Все замолкли и переглянулись. Облачко печали налетело на все молодые лица.

– А Матроска жив, – заговорила вдруг Леночка.

– И Гедеоновский жив, – прибавил ее брат. При имени Гедеоновского разом грянул дружный смех.

– Да, он жив и лжет по-прежнему, – продолжал сын Марьи Дмитриевны, – и. вообразите, вот эта егоза (он указал на институтку, сестру своей жены) вчера ему перцу в табакерку насыпала.

– Как он чихал! – воскликнула Леночка, – и снова зазвенел неудержимый смех.

– Мы о Лизе недавно имели вести, – промоловил молодой Калитин, – и опять кругом все притихло, – ей хорошо, здоровье ее теперь поправляется понемногу.
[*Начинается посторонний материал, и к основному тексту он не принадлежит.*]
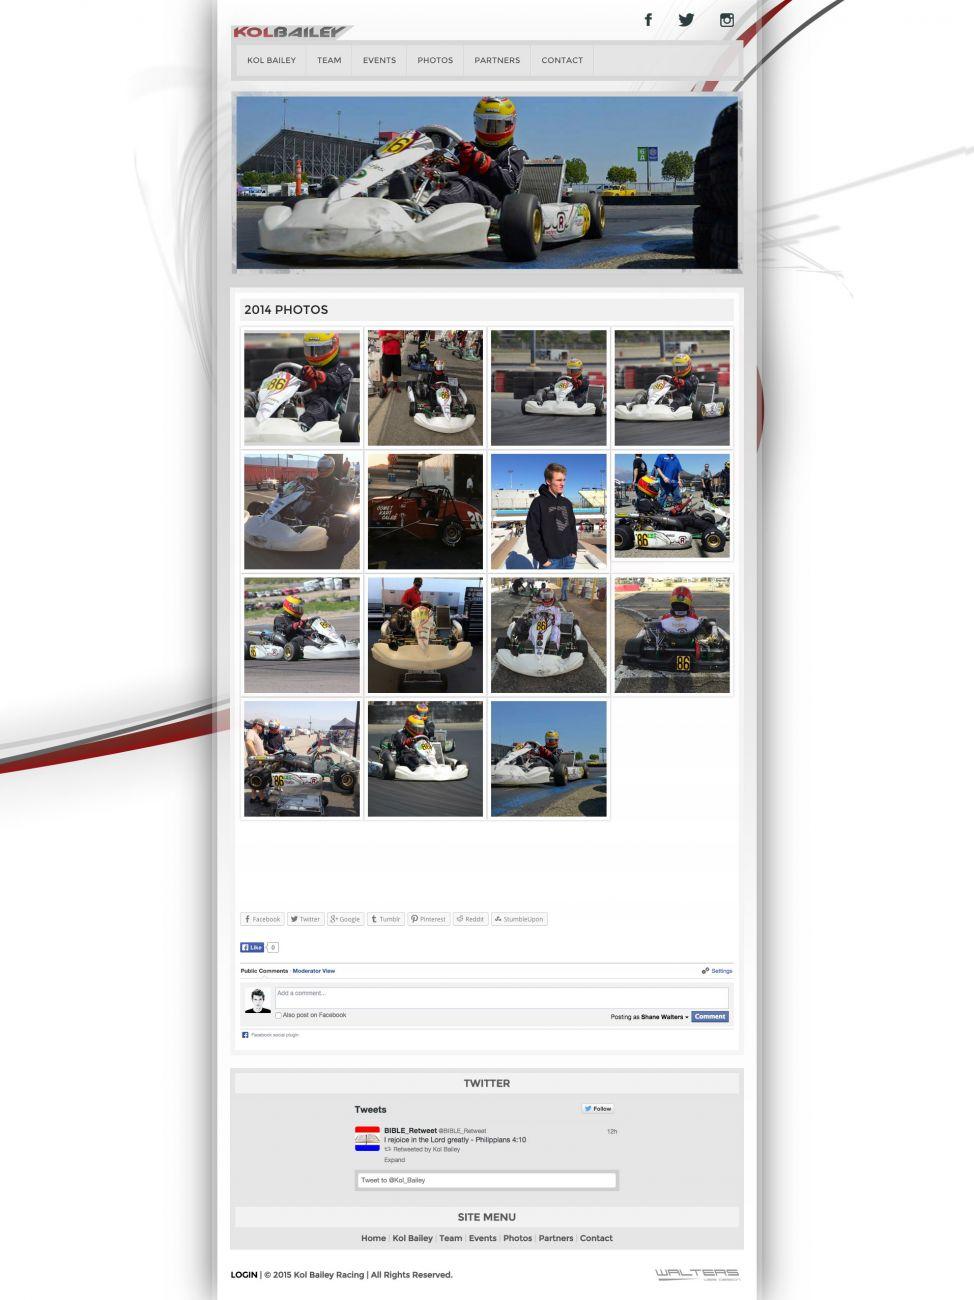 Kol Bailey SKUSA Driver Kart Racing Website - Walters Web Design
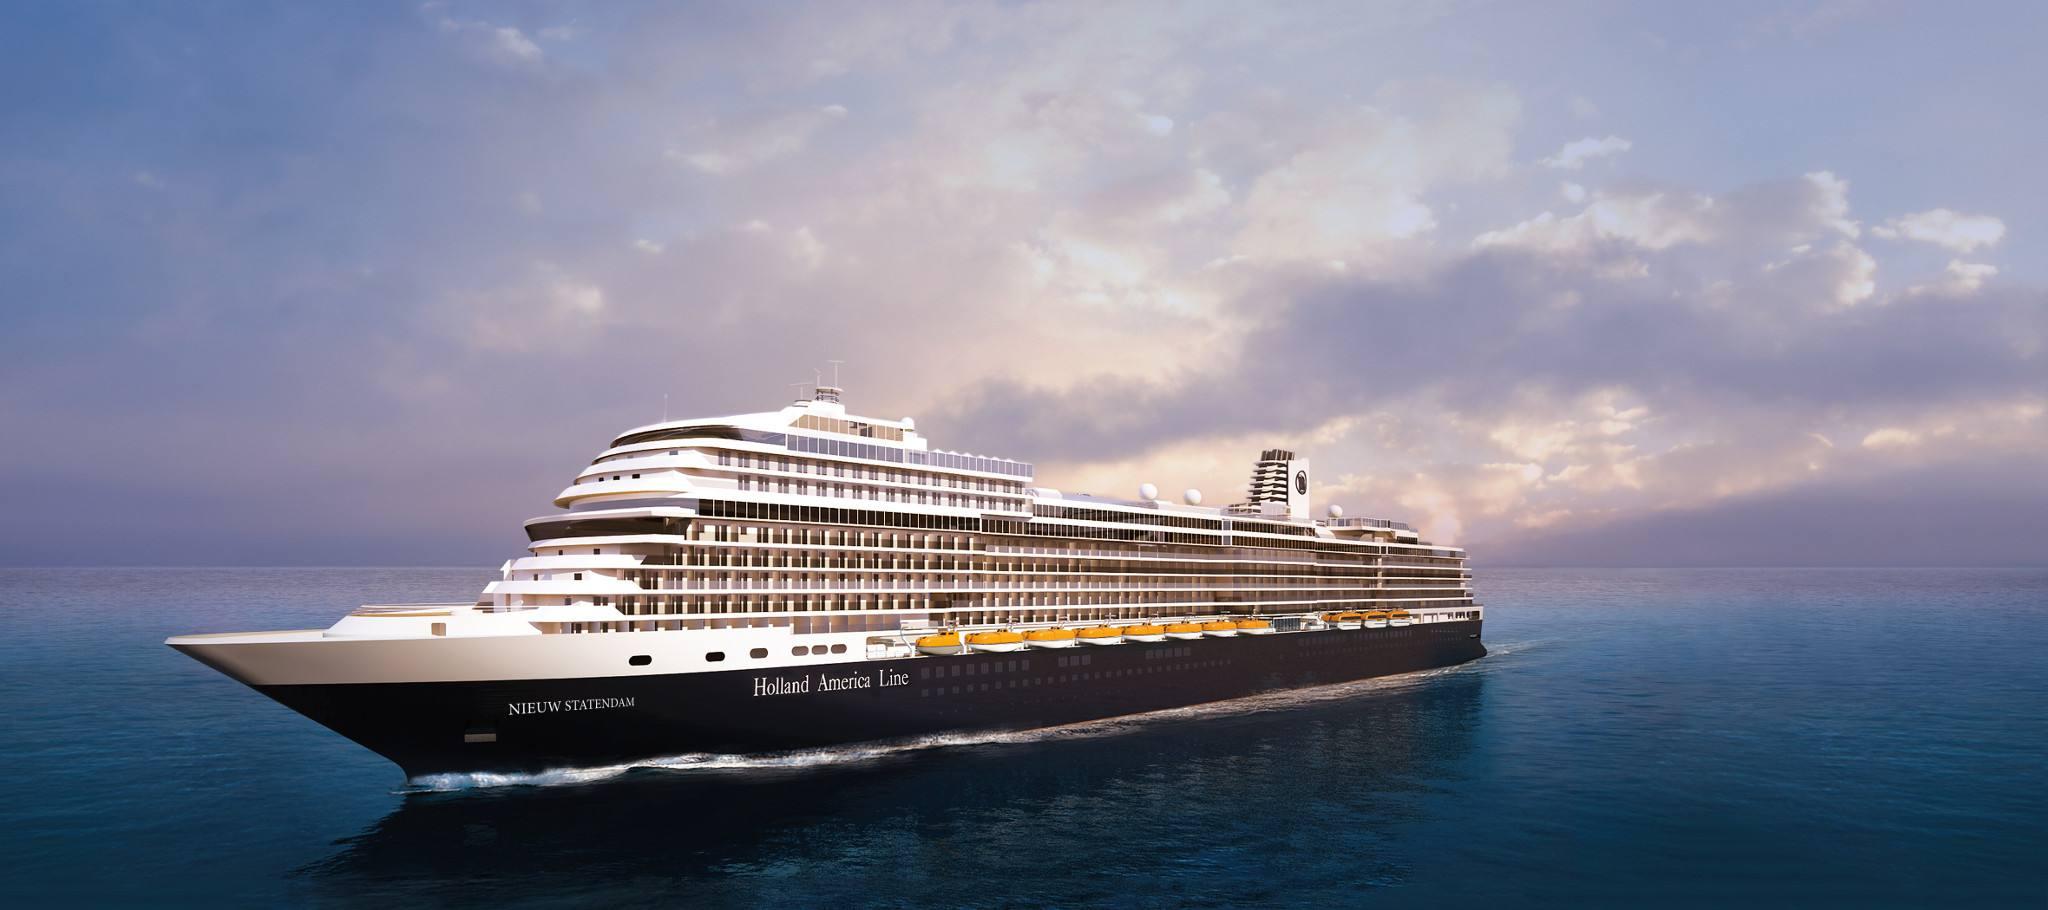 Nieuw Statendam cruise ship of Holland America Line

– Она все в той же обители? – спросил не без усилия Лаврецкий.

– Все в той же.

– Она к вам пишет?

– Нет, никогда; к нам через людей вести доходят. – Сделалось внезапное, глубокое молчанье; вот «тихий ангел пролетел», – подумали все.

– Не хотите ли вы в сад? – обратился Калитин к Лаврецкому, – он очень хорош теперь, хотя мы его и запустили немножко.

Лаврецкий вышел в сад, и первое, что бросилось ему в глаза, – была та самая скамейка, на которой он некогда провел с Лизой несколько счастливых, не повторившихся мгновений; она почернела, искривилась; но он узнал ее, и душу его охватило то чувство, которому нет равного и в сладости и в горести, – чувство живой грусти об исчезнувшей молодости, о счастье, которым когда-то обладал. Вместе с молодежью прошелся он по аллеям; липы немного постарели и выросли в последние восемь лет, тень их стала гуще; зато все кусты поднялись, малинник вошел в силу, орешник совсем заглох, и отовсюду пахло свежим дромом, лесом, травою, сиренью.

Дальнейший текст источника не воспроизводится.